Boundary Layer Structure over a Two-Dimensional Rough Wall

  • Michael P. Schultz
  • Ralph J. Volino
  • Karen Flack
Conference paper
Part of the IUTAM Bookseries book series (IUTAMBOOK, volume 22)

Abstract

Turbulence measurements for a zero pressure gradient boundary layer over a two-dimensional (2-D) roughness are presented and compared to previous results for a smooth wall and a three-dimensional (3-D) roughness [5]. The present experiments were made on transverse square bars in the fully-rough flow regime. The 2-D bars lead to significant changes in the turbulence in the outer flow. Reynolds stresses, particularly \({\overline{{v^{\prime}}^{2}}}^{+}\)and \(-{\overline{u^{\prime} v^{\prime}}}\,^{+}\), increase, although the mean flow is not as significantly affected. Large scale turbulent motions originating at the wall lead to increased spatial scales in the outer flow. The dominant feature of the outer flow, however, remains hairpin vortex packets which have similar inclination angles for all wall conditions.
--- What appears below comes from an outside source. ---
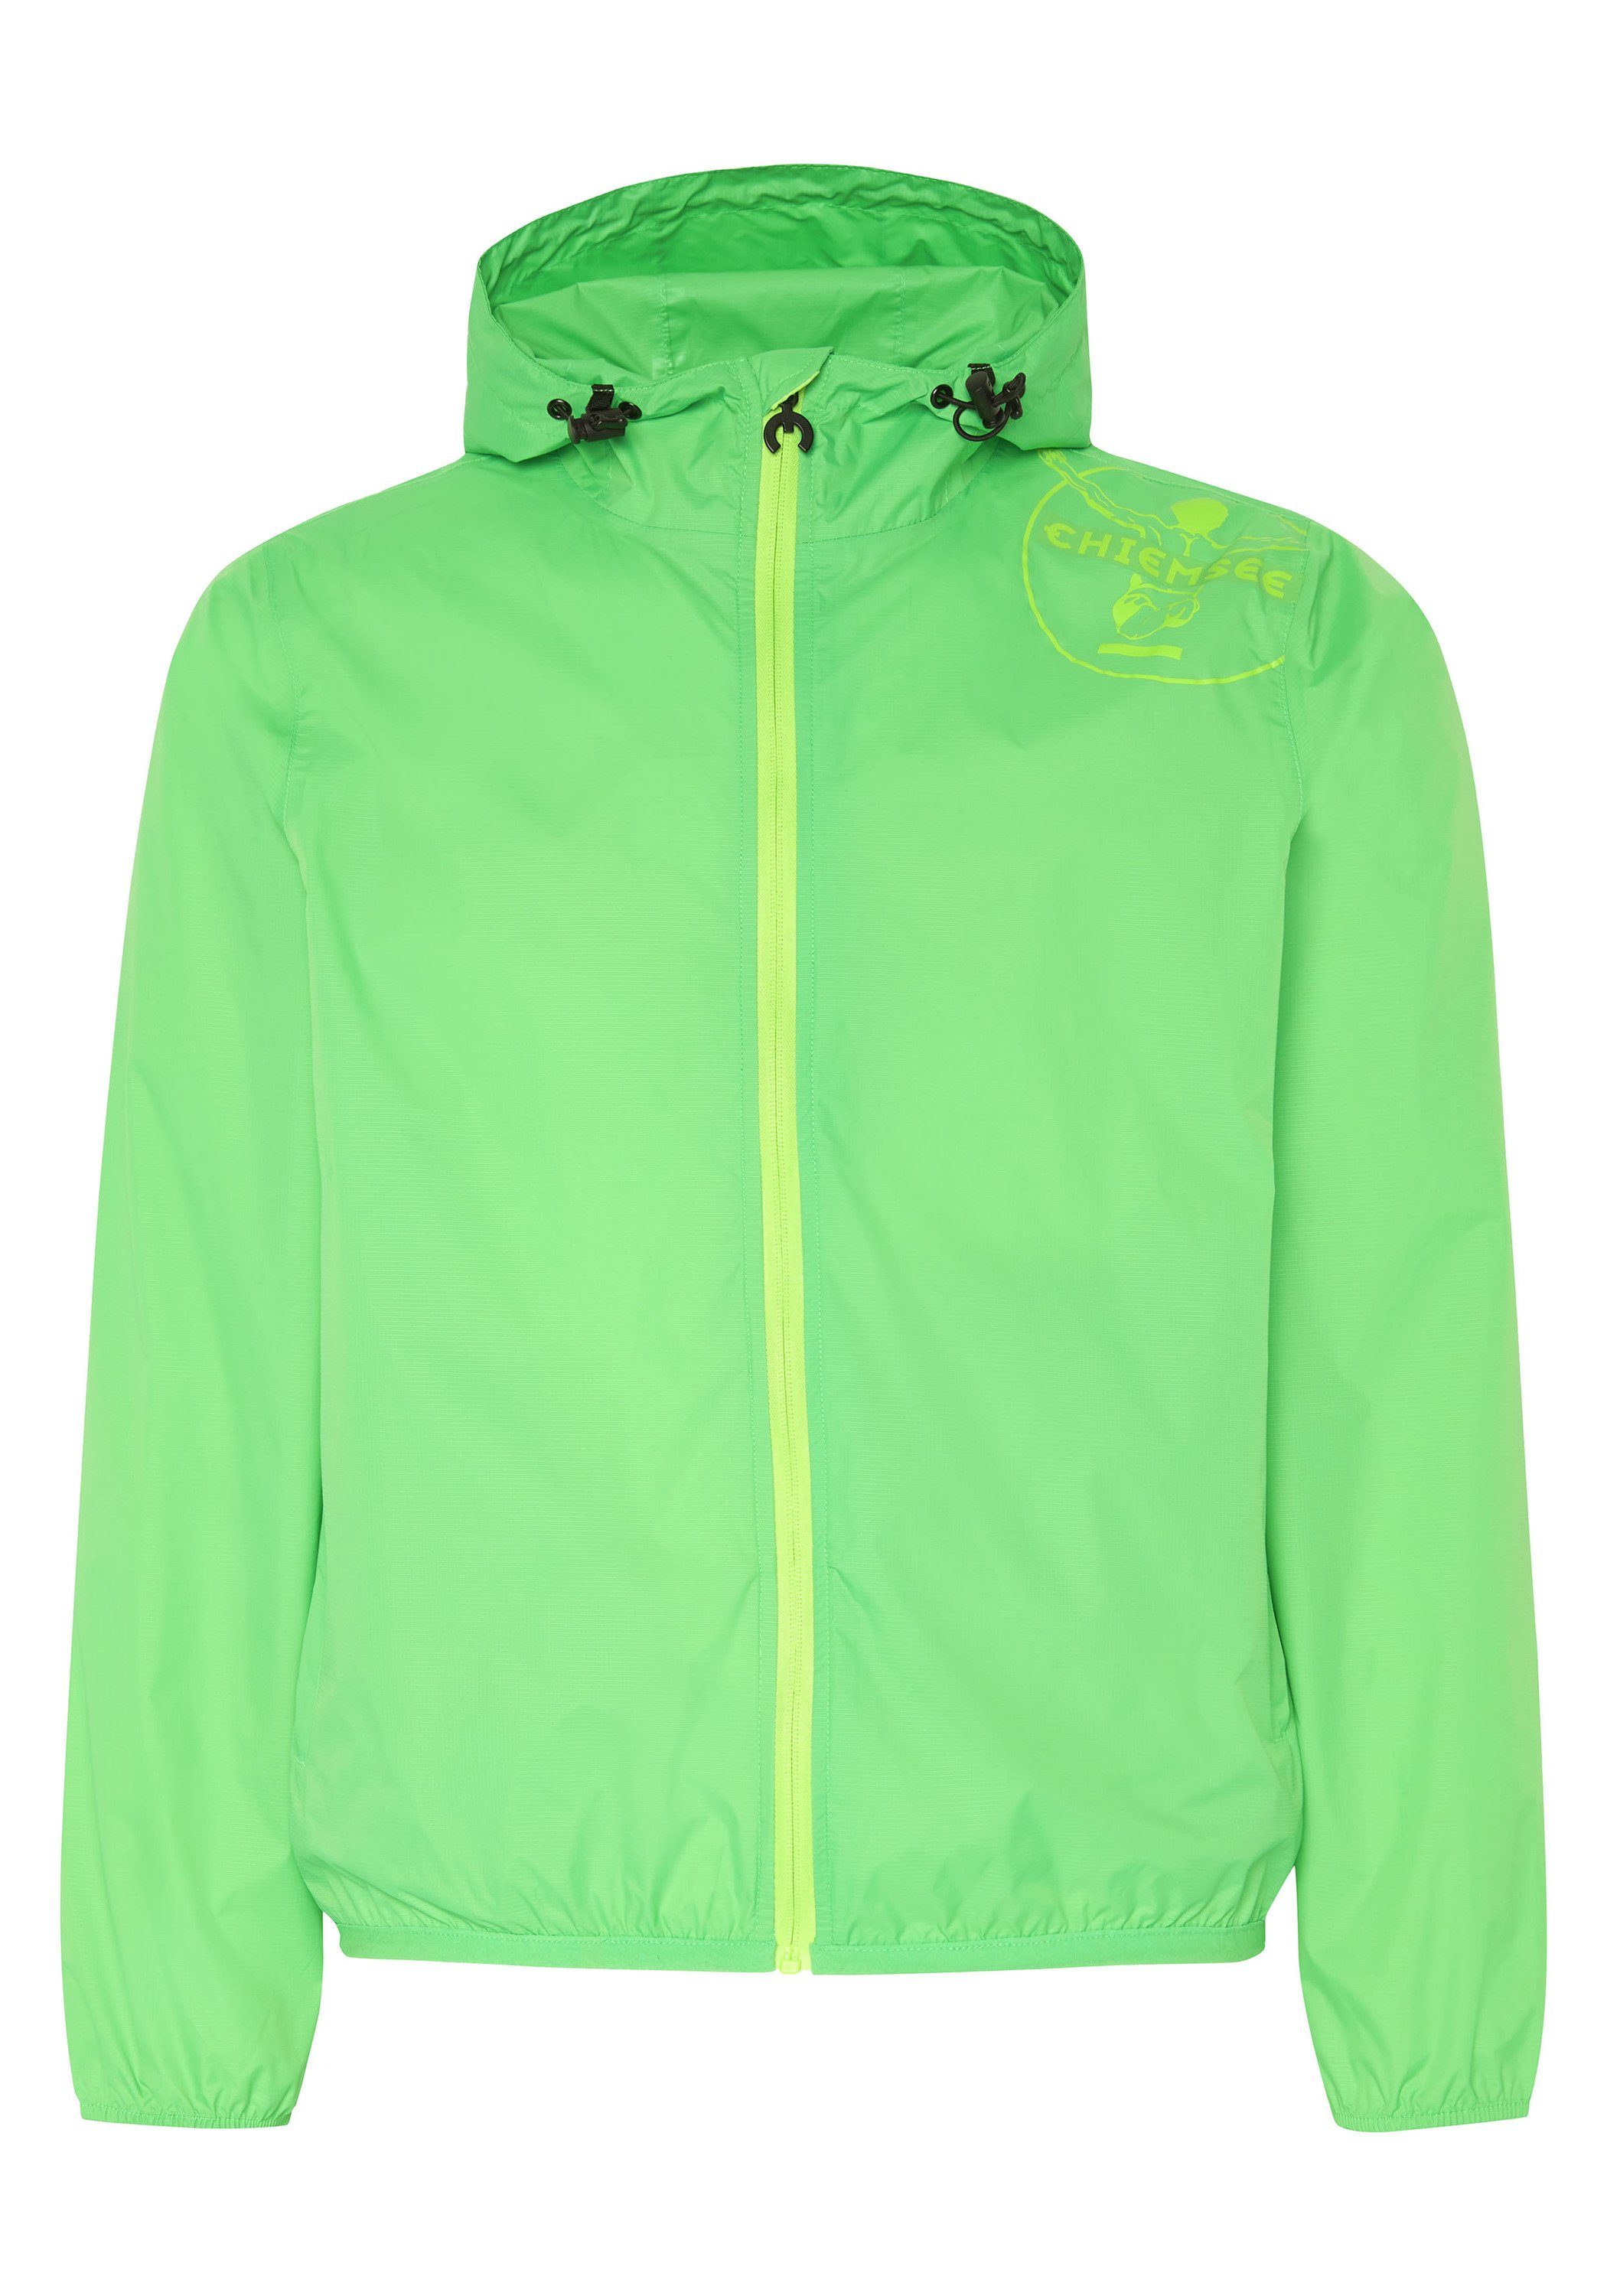 Chiemsee Outdoorjacke Regenjacke mit Jumper-Motiv und Taschen-Funktion 1 grün | Jacken

The differences between boundary layers over 2-D and 3-D roughness are attributable to the scales of the motion induced by each type of roughness. It is also noted that there are fundamental differences in the response of internal and external flows to strong wall perturbations, with internal flows being less sensitive to roughness effects due to their boundary conditions.

Keywords

Boundary Layer Reynolds Stress Turbulent Boundary Layer Roughness Element Turbulent Channel Flow 
These keywords were added by machine and not by the authors. This process is experimental and the keywords may be updated as the learning algorithm improves.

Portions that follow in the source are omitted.